櫻滿集聽說五班只換了五個人,其他就是一年級的時候的翻版…… 夷洲,或者說這個時代鬼知道叫什麼名字的海島東去千二百里的海面上,一場海戰剛剛結束。

交戰雙方是天下諸侯中屈指可數擁有海船的燕氏與孫氏,指揮這場海戰的是燕氏水師將領田豫與孫氏水軍將領……不是水軍將領,是孫氏首領孫策。

雙方以遮天蔽日的船艦交戰於此處,單單裝載火油衝陣的火船便有上百,接戰堪堪兩個時辰,海面上濃煙滾滾,遠遠望去船隻斷木飄滿海域。當戰事結束,海面上漂浮的屍首引來成羣結隊的大魚與飛鳥竟食,場面殘忍無比。

若以船艦損失來計算,這場海戰的失敗者是田豫。當孫氏戰船離開此地後,田豫的部下查點餘下戰船,僅剩三百餘艘,其中鬥艦更是足有四成損毀。
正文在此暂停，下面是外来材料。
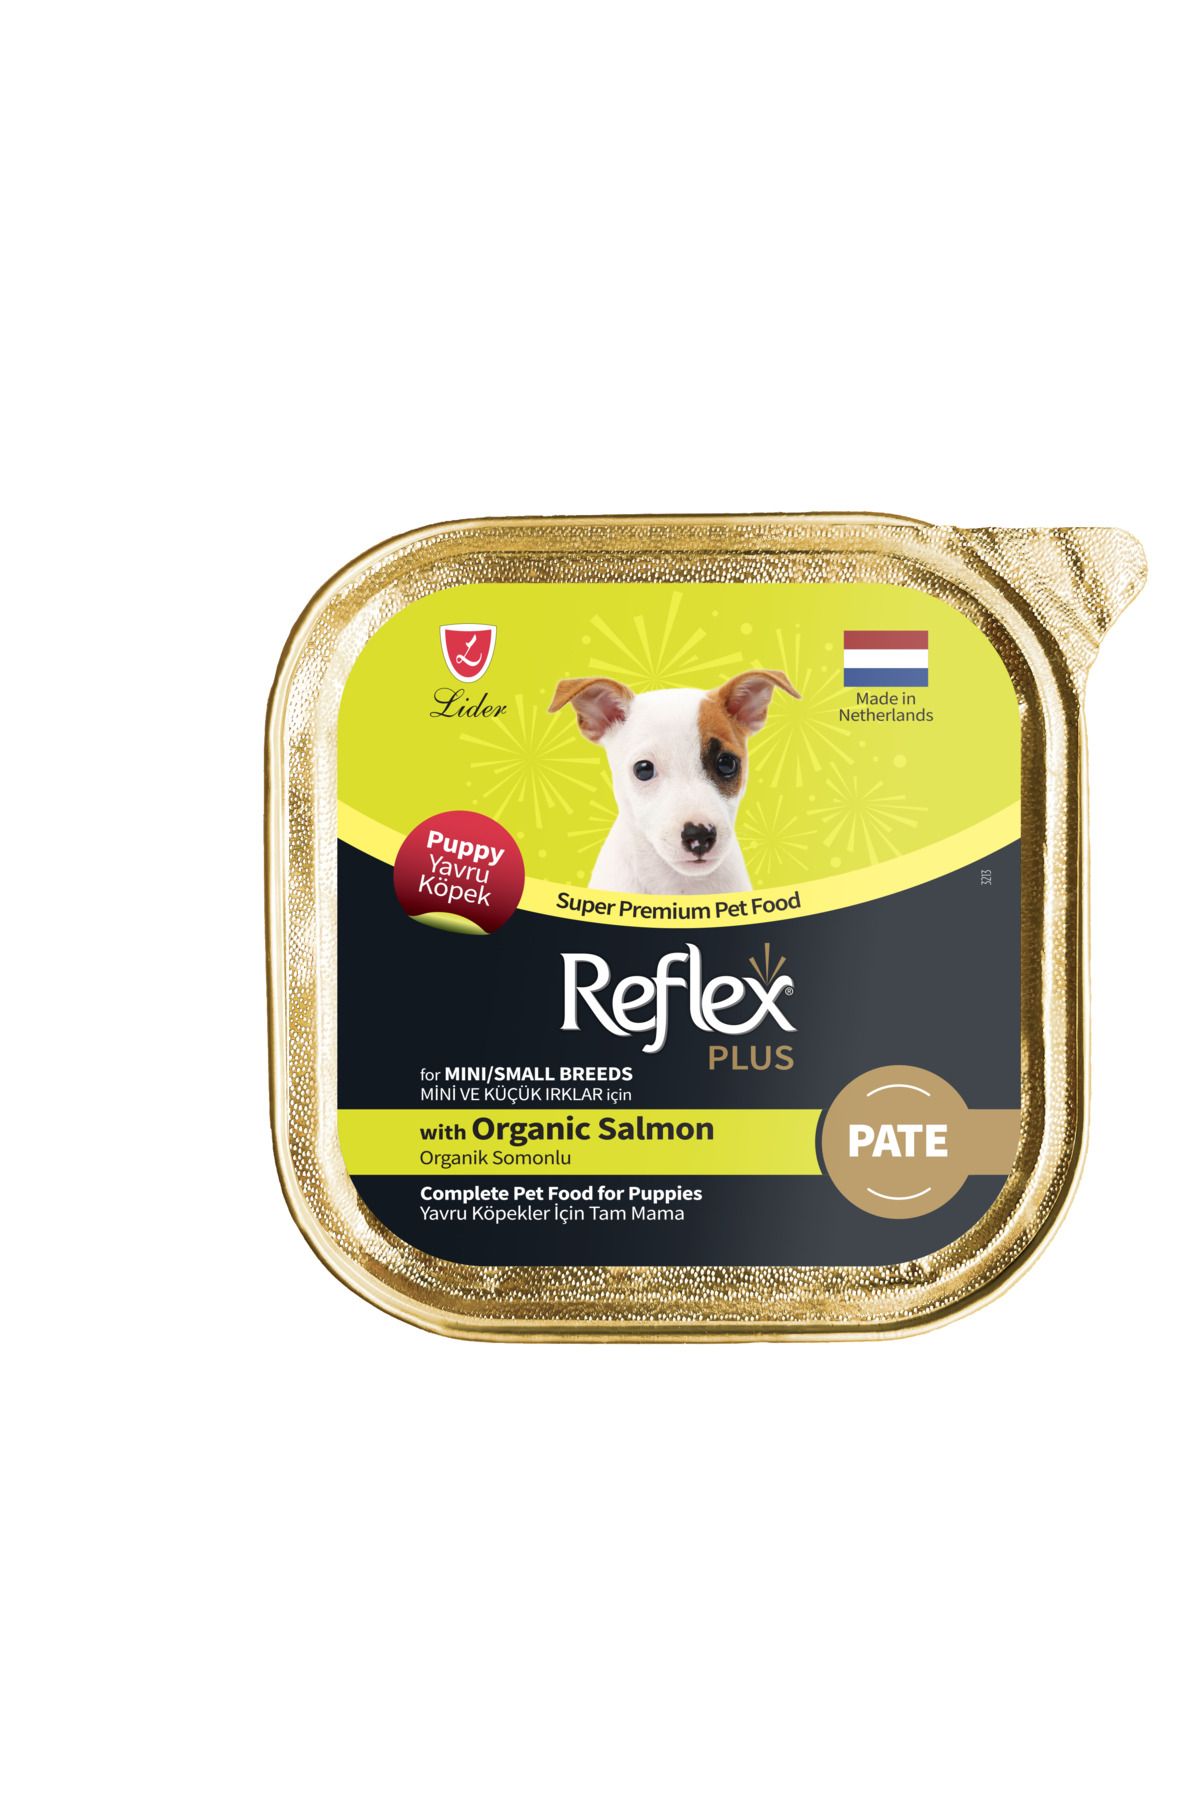 Reflex Plus Alu Tray 85 gr Organik Somonlu Pate Kıyılmış Küçük ırk Yavru köpek için Yaş mama

這幾乎掏空了燕氏水軍這些年來各個港口船場出造船的積蓄,再無法組織起近千艘戰艦的龐大攻勢。反觀孫氏的戰船受損不多,他們自岸上逃遁入海便是絕境之勢,聯千餘戰船民船被田豫圍堵至此追擊,付出船艦折損三成、兵員傷亡落水四成的損失,成功突破包圍,還給予田豫部不亞於他們的重創。

盛世書香 逃出生天。

這對孫氏而言顯然是一場勝利。

但實際情況並未好到哪裏去,孫策的座艦在海戰中被擊沉,沒錯就是擊沉——孫策從沒見到過有人會把投石炮與武鋼弩車裝在鬥艦上。會戰之初的場面極其慘烈,間隔四百步東吳水卒在龐大戰船上投射弓弩,接着在二百步外投射第二輪箭矢,接着準備第三輪。

值得一提的是,江東人從吳郡離開時慌不擇路地開走岸邊所有能動的東西,所以孫策的座艦是一艘橫行大江的樓船。 愛上小偷總裁 因爲上有五層,弓弩投射距離更遠,實際上他們在五百步時就已經可以準備放箭了,只不過因爲船上儲存箭矢不多,爲了刻意追求精準,纔在四百步放箭。

當田豫的先遣船隊逼近二百步,孫策還以爲他們的目的是近身接戰,躲避箭雨的江東水卒大多笑彎了腰。樓船的船舷比鬥艦足足高出八尺,燕氏水卒如果想爬上樓船,難度絕非一點兒半點,最大的傷亡將會來自頭頂的長矛。

但劇情和孫策的部下想象中不同。

燕氏鬥艦在百十步外紛紛打橫,露出其側面船舷的石砲與武鋼弩,飛石與長矛齊出,把孫策軍砸得哭爹喊娘。

顯然,對孫策軍來說,田豫的這種操作——超綱了啊!

樓船堅固的船舷與吃水線那面堅固的船板並不能阻擋能將城牆砸出豁口的石砲,守城用的羊石頭迎面把船頭砸漏,船頭加裝青銅獸面撞板直接被三塊飛石擊碎脫落,接着船首漏水無可避免。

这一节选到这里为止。